I keep seeing the same pattern: a team proves out a feature on an API, gets a scary bill, then someone says “we can run a 7B model for pennies on our own.” Two sprints later, p99 latency is ugly, admins are babysitting GPUs at night, and the infra line item did not go down. The gap between spreadsheet math and production reality is where most self‑hosted LLM efforts get stuck.

This post is the cost breakdown I use with CTOs before they buy eight H100s or lock into an API contract they will regret.

Where this breaks and why

Where it shows up
- Internal copilots and search that cross 50–200M tokens/day
- Customer‑facing chat where p95 matters and traffic is spiky
- Regulated environments where data residency is non‑negotiable
Why it happens in real systems
- Utilization is the whole game. GPUs are cheap per token only when busy with large, continuous batches. Most apps don’t have that traffic shape.
- Context length quietly dominates memory and cost. KV cache grows with sequence length and active sessions, not just model size.
- Model churn and safety layers add overhead you didn’t budget: evals, red‑teaming, jailbreak filters, prompt rewriting, routing.
What teams misunderstand
- Single‑stream tokens/sec is not throughput. Continuous batching determines your real cost per 1M tokens.
- “A100 on sale” does not mean “A100 economics.” NVLink, locality, spot eviction, and orchestration risk matter.
- The price you compare to is not the API sticker. It is your blended rate after retries, guardrails, eval, logging, and latency SLOs.

Technical deep dive: how the numbers actually move

The architecture differences that move cost

APIs
- You pay per token. Hidden costs are retries, latency headroom, logging/eval pipelines, network egress. Upgrades and model swaps are free.
Self‑host
- You pay for provisioned capacity. The stack most teams end up with: gateway + tokenizer + vLLM/TGI + sharding/tensor parallel + autoscaler + metrics + safety/rules + retries + storage for traces. Cost rises with context length, concurrency, and uptime targets.

Throughput math that decides your fate

A simple but reliable calculator:
– Cost per 1M tokens = GPU_hourly_cost / (effective_tokens_per_second × 3600) × 1,000,000
– Effective TPS is after batching, safety passes, and retries.
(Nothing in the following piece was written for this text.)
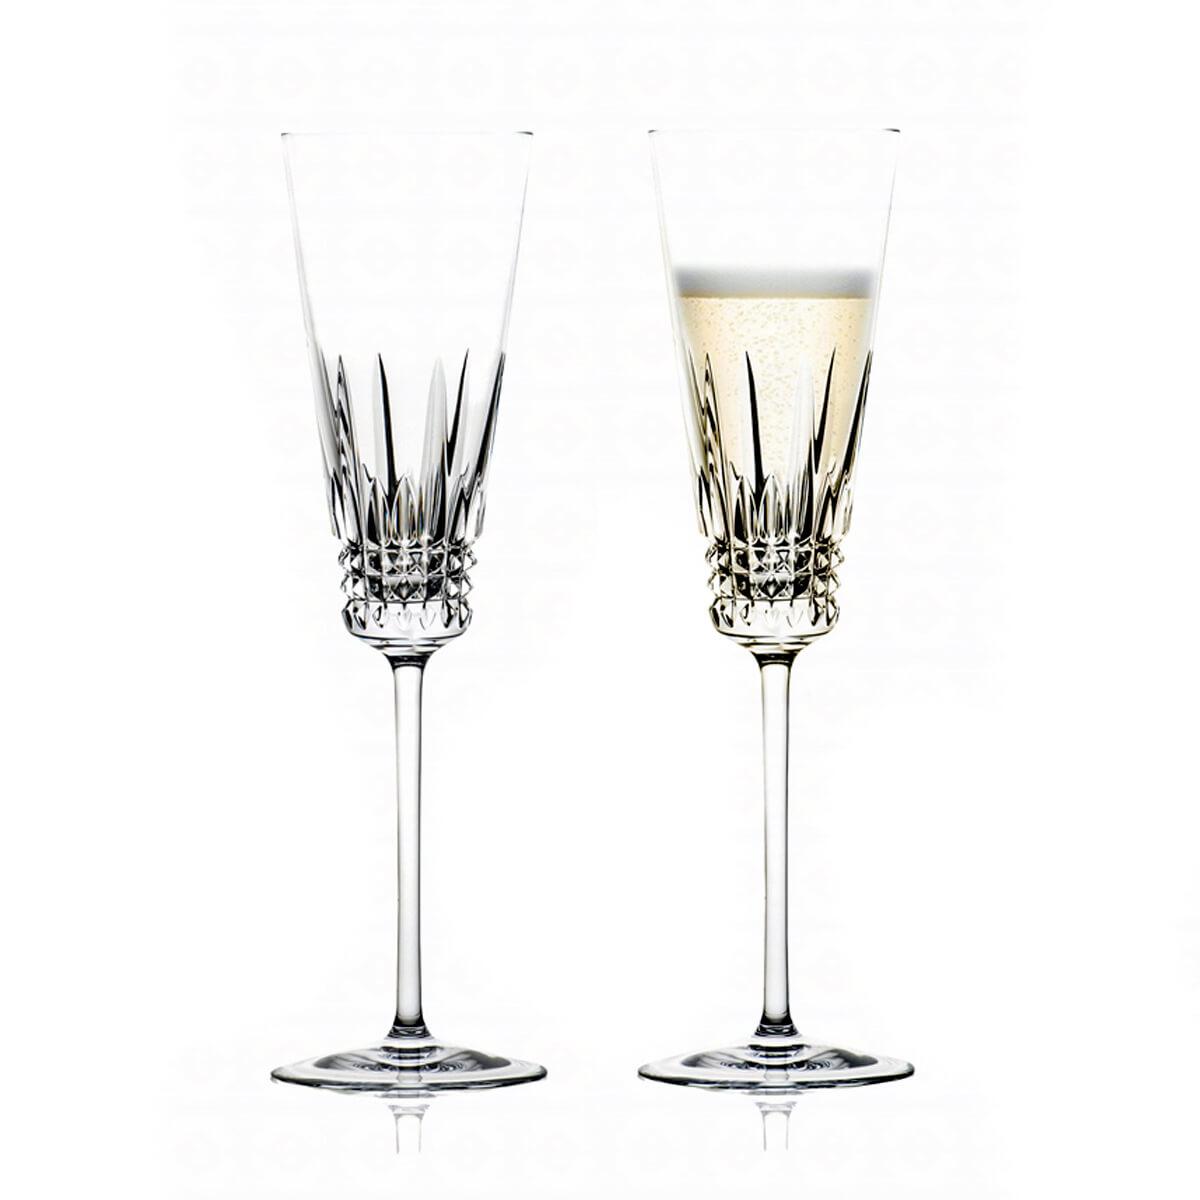 (一對價)230cc Rogaska 舞彩晶耀 - 香檳杯 結婚對杯 - MSA玻璃雕刻

Some ballpark ranges I’ve actually seen in production with vLLM and sane quantization:
– 7–8B class on L40S 48 GB at $1.2–$1.8/hour
– Effective 1.2k–2.0k tok/s when traffic allows continuous batching
– Cost per 1M tokens: ~$0.20–$0.50 before overhead
– 7–8B class on A100 80 GB at $3–$4/hour
– Effective 1.8k–3.0k tok/s
– Cost per 1M tokens: ~$0.25–$0.75 before overhead
– 70B class on 8×H100 80 GB with NVLink at $80–$120/hour for the node
– Effective 0.9k–1.6k tok/s depending on context and batching
– Cost per 1M tokens: ~$50–$130 before overhead

Notes
– If your traffic is spiky and single‑stream dominated, cut those TPS numbers in half (or worse). Cost per 1M will double accordingly.
– If you can’t pack batches continuously, you won’t see the “cheap” numbers on Twitter screenshots.

Context length is a silent budget killer

KV cache size grows with layers, heads, and your active sequence length. A back‑of‑envelope estimate per token:
– KV bytes per token ≈ 2 × num_layers × num_heads × head_dim × bytes_per_element
– Example for a Llama‑class 7B (32 layers, 32 heads, head_dim 128, fp16 2 bytes):
– 2 × 32 × 32 × 128 × 2 ≈ 524,288 bytes per token ≈ 0.5 MB/token
– 8k tokens of active context per session ≈ ~4 GB of KV cache per stream

Things to internalize
– Long contexts or many simultaneous sessions will eat an 80 GB card quickly even for small models.
– Quantization helps weights, not KV as much. FP8/FP16 KV is still big.

Batching vs latency

Continuous batching is mandatory for good economics. vLLM’s scheduler is excellent, but you pay with added queuing.
Rule of thumb I’ve used: maximize batch until p95 latency hits your SLO, then stop. Cost per 1M tokens will usually be convex in that region.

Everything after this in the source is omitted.